All of them are gone now. And not gone at all while I’m alive and wondering who they were. How the sand might have felt between their toes, what awful meal Nana had on for dinner (she was the worst cook), how long Pop stayed in the surf that day, avoiding going home (he was the worst husband). Dad practising his modified cursive (for what would become the most beautiful handwriting ever); Johnny scribbling on the front page of Snugglepot and Cuddlepie with a crayon (I still have that book with my uncle’s early masterwork, cherished). Nana knowing, if she could just find her chance in this man’s world, her art and style would clothe every woman in Sydney.

Dreams that echo somehow atomically through me.  Whispers of stories that make up my own.



“Geez, you churn them out,” I’ve been hearing a bit lately from those surprised by my output of scribblings in recent years. And yes, when you look at my novels in a bunch, it does seem I’ve made quite a lot of them – five so far and another due out later this year.

But I wince a bit each time I hear that word ‘churn’. Churning suggests I have some simple mechanism that neatly spins the stories out of me, and this couldn’t be further from the truth.

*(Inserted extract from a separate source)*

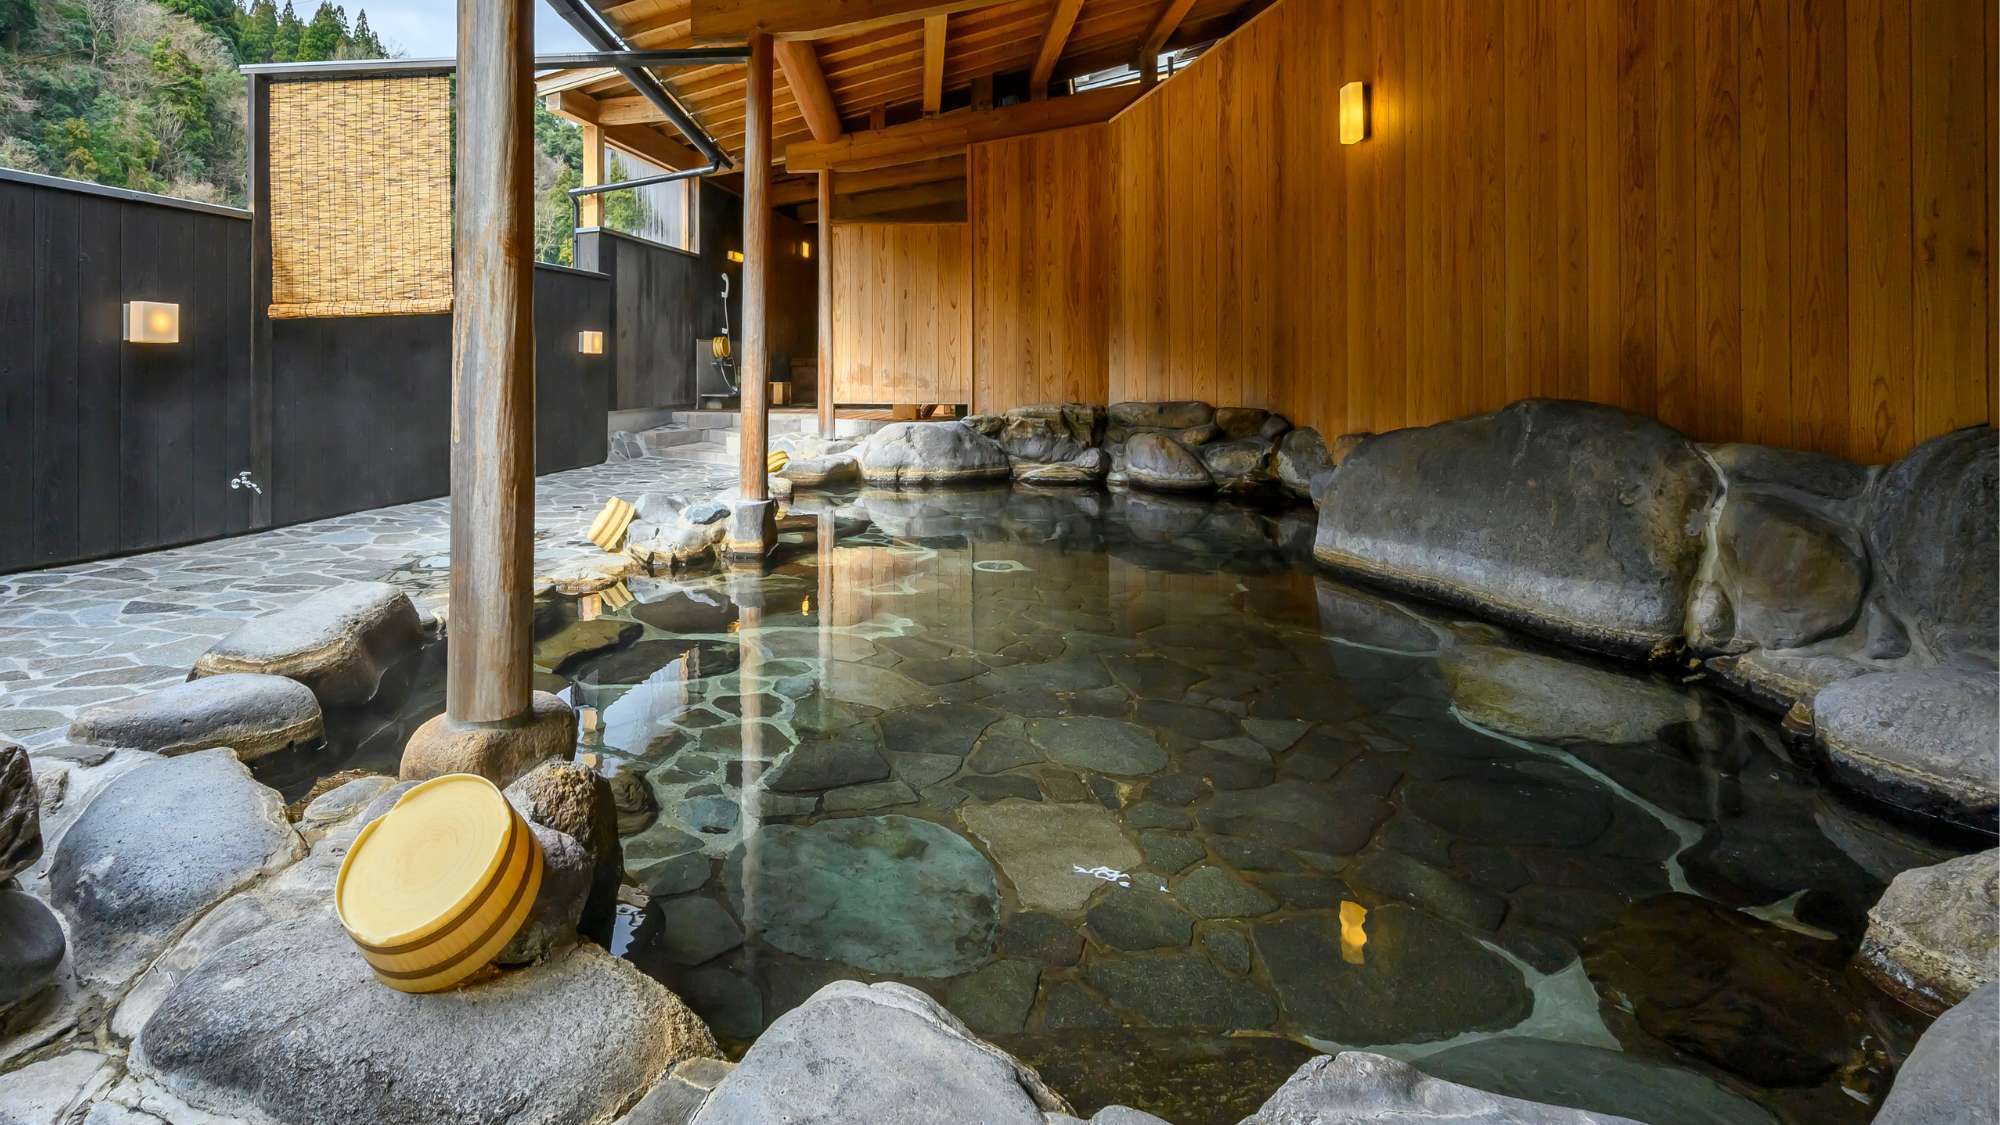 爽やかな空気、三徳川のせせらぎの音とともに上質な温泉を楽しむ「せせらぎの湯」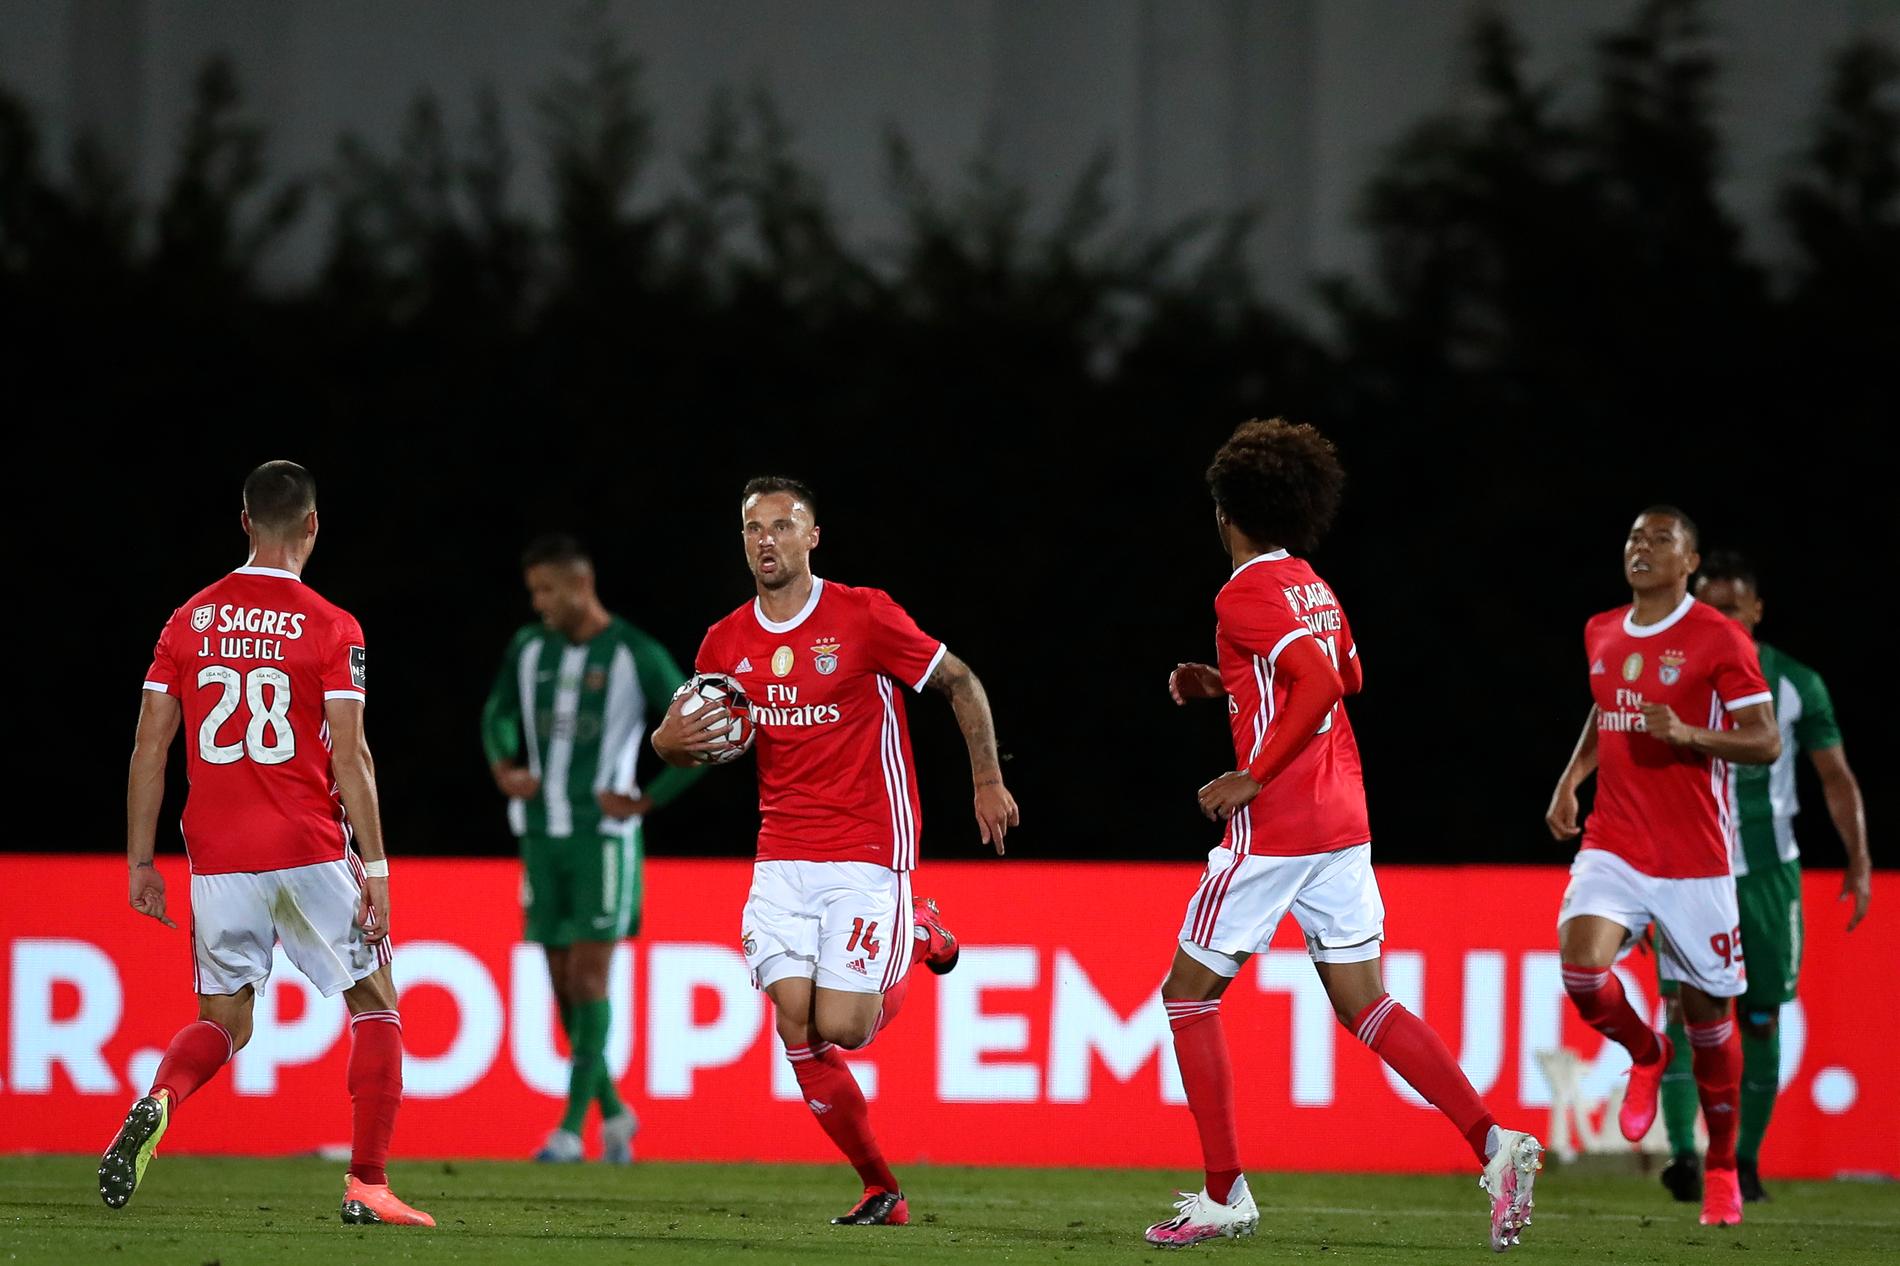 Benficas ordförande anklagas för att ha undanhållit mer än 6 miljoner kronor av klubbens pengar från beskattning. Arkivbild.

Each of my stories is driven from within me by love and a mad curiosity that sends me along vast uphill treks through uncharted wildernesses. Each journey through story and discovery is different, and not once have I returned to the real world unscathed or unchanged.

Right now, I’m in the middle of editing Jewel Sea, that next one, and my gathering nerves at her impending September arrival are jangling against a new story that’s already pushed its way into my heart and taken up residence in my mind. This one is so pushy, and such an unexpected visitor, I woke up at five a.m. on Monday morning with a character literally talking to me.

That character is called Richard Ackerman, and he’s a doctor at Canberra Hospital in 1954. He’s also the youngest son of Daniel and Francine Ackerman, the heroes of my first novel, Black Diamonds. And he won’t leave me alone.

This pushy thing is the Snowy Mountains story I blogged about a few weeks ago – a sketch of a tale of secrets and spies I’d almost forgotten I’d written. Somehow – and I don’t know how – it’s insisted it must be written, as in right now.

Pushing aside my 1860s gold-rush novel waiting to be taken to a final draft and the other story I’d just begun on early twentieth-century circuses in Australia, I’m now deep in the Monaro high country skiing and plotting acts of espionage.

This little machine here doesn’t so much churn as send me at some giddying velocity through time, through dreams, through all I’ve learned and am yet to know.

Making me a little bit insane with weariness every day. And I wouldn’t want it any other way.